A smile crept across George W. Bush's lips
                  
as he talked about yet another set of executions.
                  
He looked positively delighted as he shared his
                  
good news with all of America: He will preside
                  
over the deaths of the white men who murdered James Byrd, a
                  
49-year-old black man, in 1998.
                  
"Guess what's going to happen to these men?" he grinned at the
                  
camera during last night's debate with Vice President Gore.
                  
"They're going to be put to death."
                  
Bush beamed in happiness. He was so enthusiastic at the prospect
                  
of new executions that he said he would execute all three of Byrd's killers.
Texas does not need anti-hate-crime laws, Bush said.
                  
"We cannot enhance the penalty any more
                  
than putting those three thugs to death," he said.
He grinned again.
                  
There is a problem here: Only two of Byrd's killers have been sentenced
to death.
                  
The third was sentenced to life in prison.
                  
Most of America supports the death penalty for murder, and so
                  
does Gore, and so do I. But that hangman's grin gives me the willies.
                  
It brings back Bush's mockery of killer Karla Faye Tucker, whose
                  
appeals for life he rejected and whom he mimicked as saying,
                  
"Please don't kill me," shortly before Texas executed her.
                  
Bush's death-penalty smirk marred a presidential debate that was
                  
about as combative as a game of pat-a-cake for most of its 90 minutes.
                  
Bush praised Clinton administration foreign policy decisions so much he
                  
remarked that his confrontation with Gore sounded like a lovefest.
                  
Gore, unveiling yet another personality to the voters, bent over
                  
backward not to seem either too aggressive or overly informed on
                  
public matters, lest he be seen as a pushy know-it-all.
                  
As he did in the first debate, Bush bristled, but could not refute, Gore's
                  
statistical accusations. This time, Gore attacked Texas for ranking last
and
                  
next to last in the country on two measures of health coverage.

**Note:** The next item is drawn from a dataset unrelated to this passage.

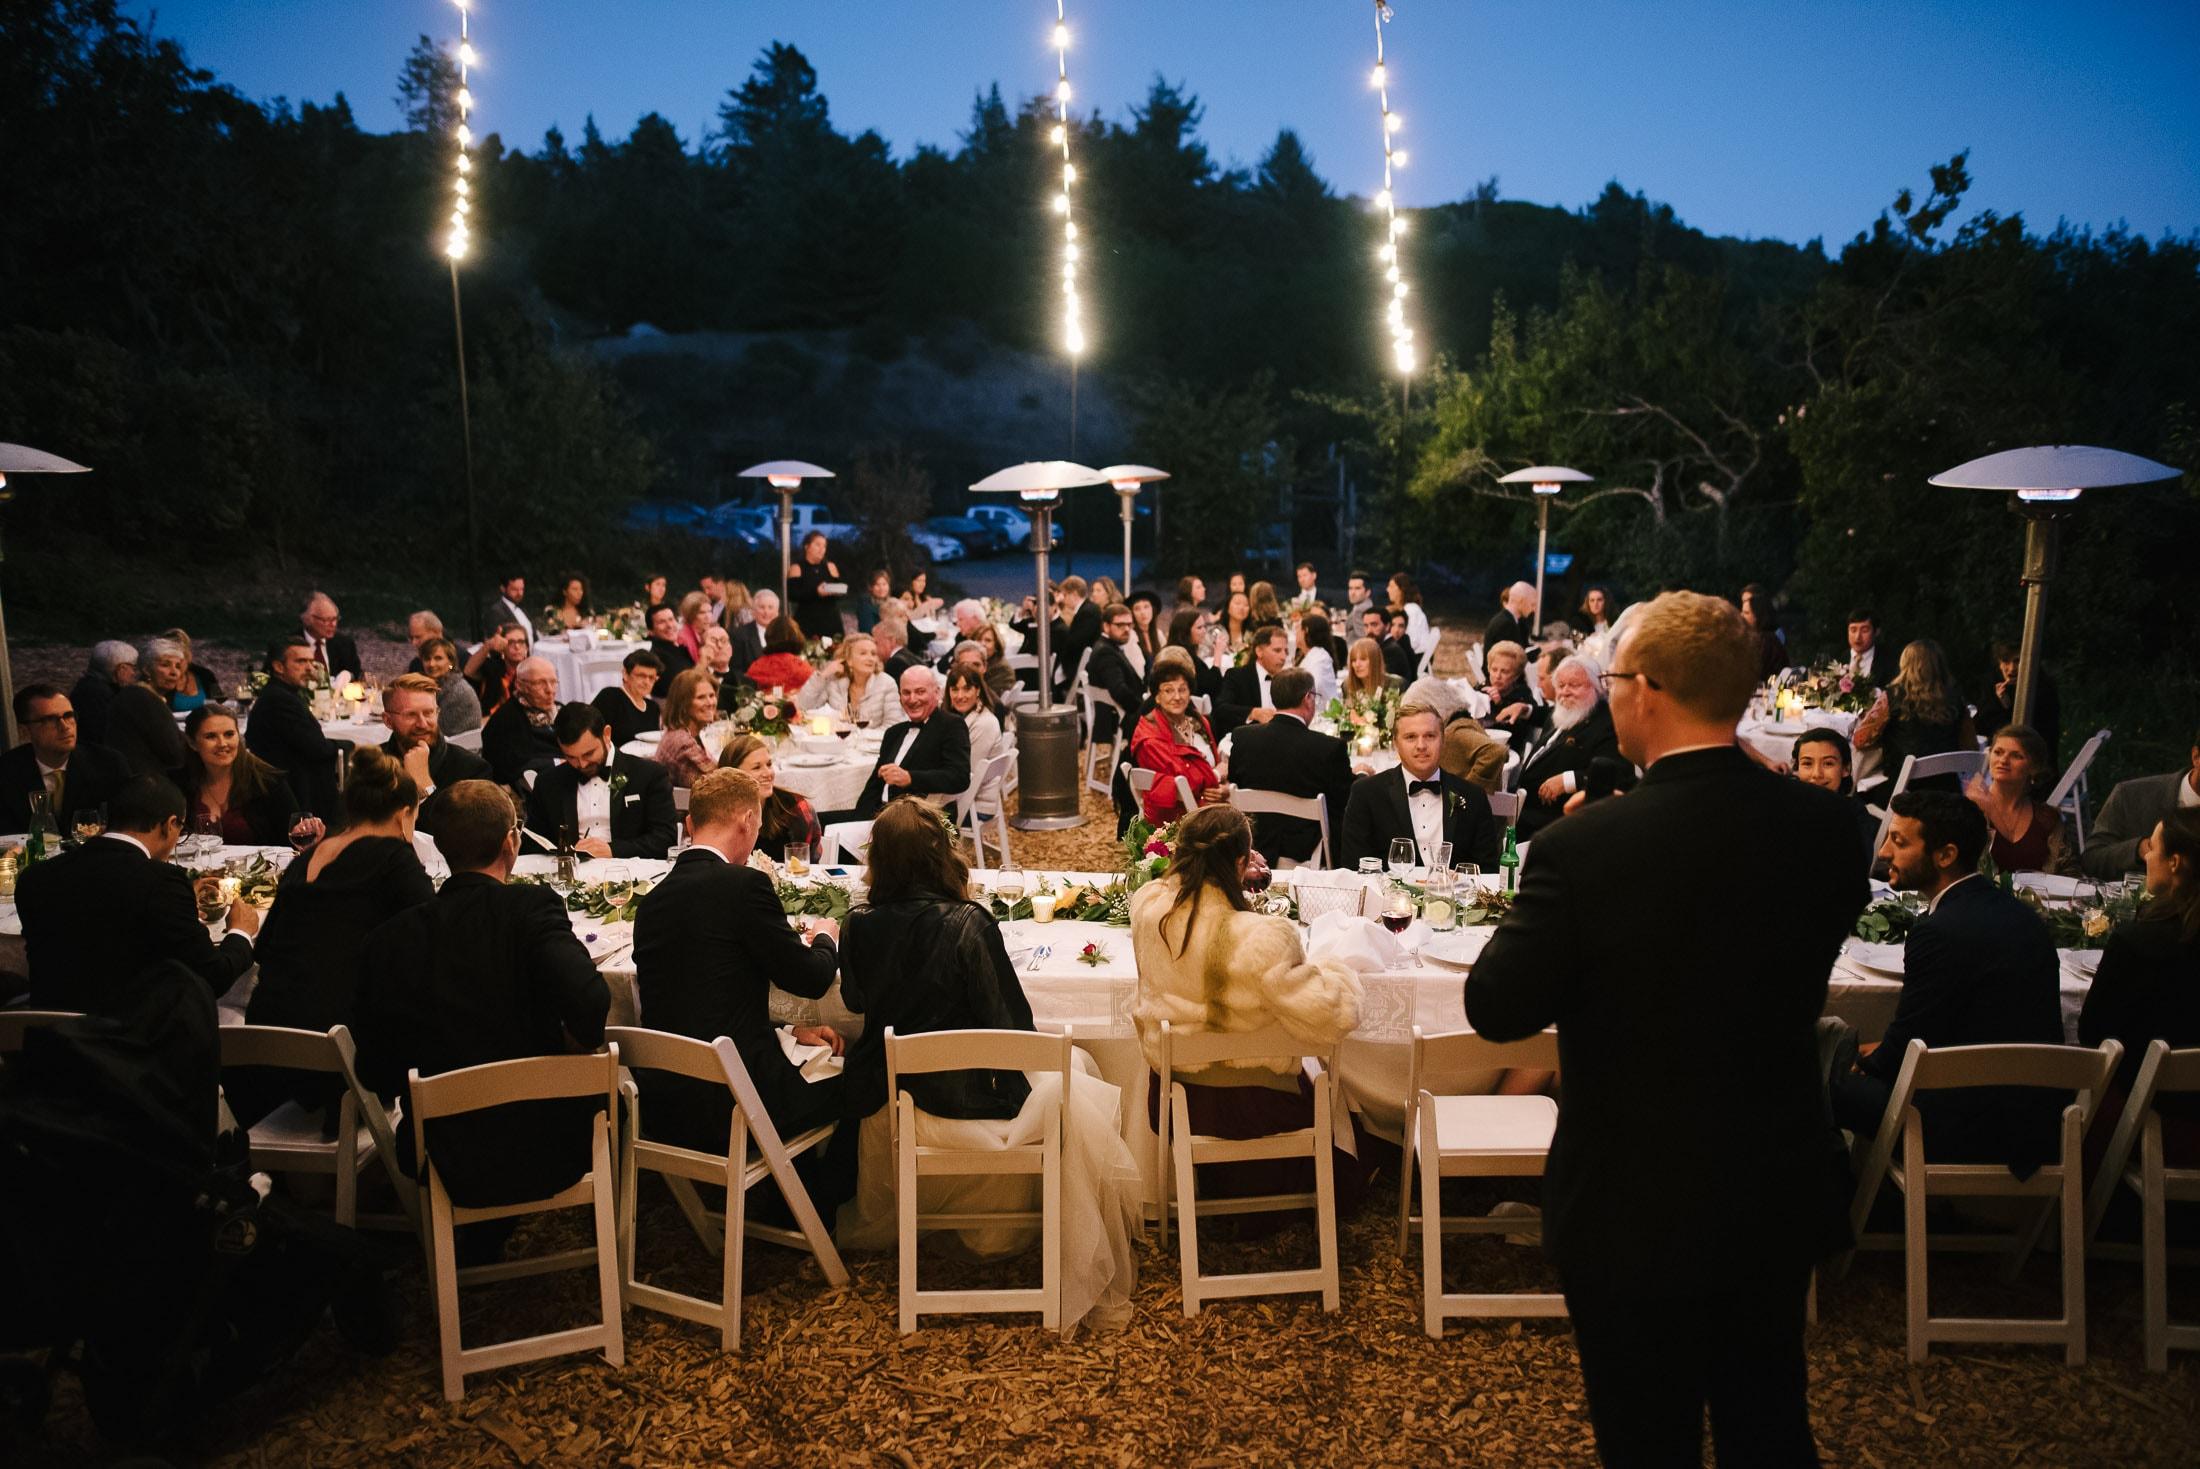 Oz Farm Wedding Reception

Bush took the criticism personally.
                  
"If he's trying to allege that I'm hardhearted ... he's absolutely
                  
wrong," Bush said. But he couldn't deny the numbers: 1.4 million
                  
Texas children without health insurance.
                  
The two candidates went into the debate dead even in most polls, though
                  
Gore has not lost ground in the key battleground states of the Middle West.
                  
Though he appeared to have won his first debate with Bush, the verdict
turned
                  
out to be illusory: During the past week, Gore's superior command of the
facts
                  
in that contest was forgotten as focus shifted to his sighing and childish
                  
eye-rolling at Bush's statements.
                  
Gore was on his best behavior last night. He looked both solid and
                  
knowledgeable and made none of the body-language mistakes that
                  
cost him victory in the first outing.
                  
Bush, too, was error-free — except for that eerie smile when he
                  
talked about the executions.
                  
Such morbid mirth may not hurt him with most of America. But
                  
even supporters of the death penalty are probably scratching their
                  
heads, wondering if Bush really enjoys putting people to death.
                  
He certainly seemed delighted with death last night.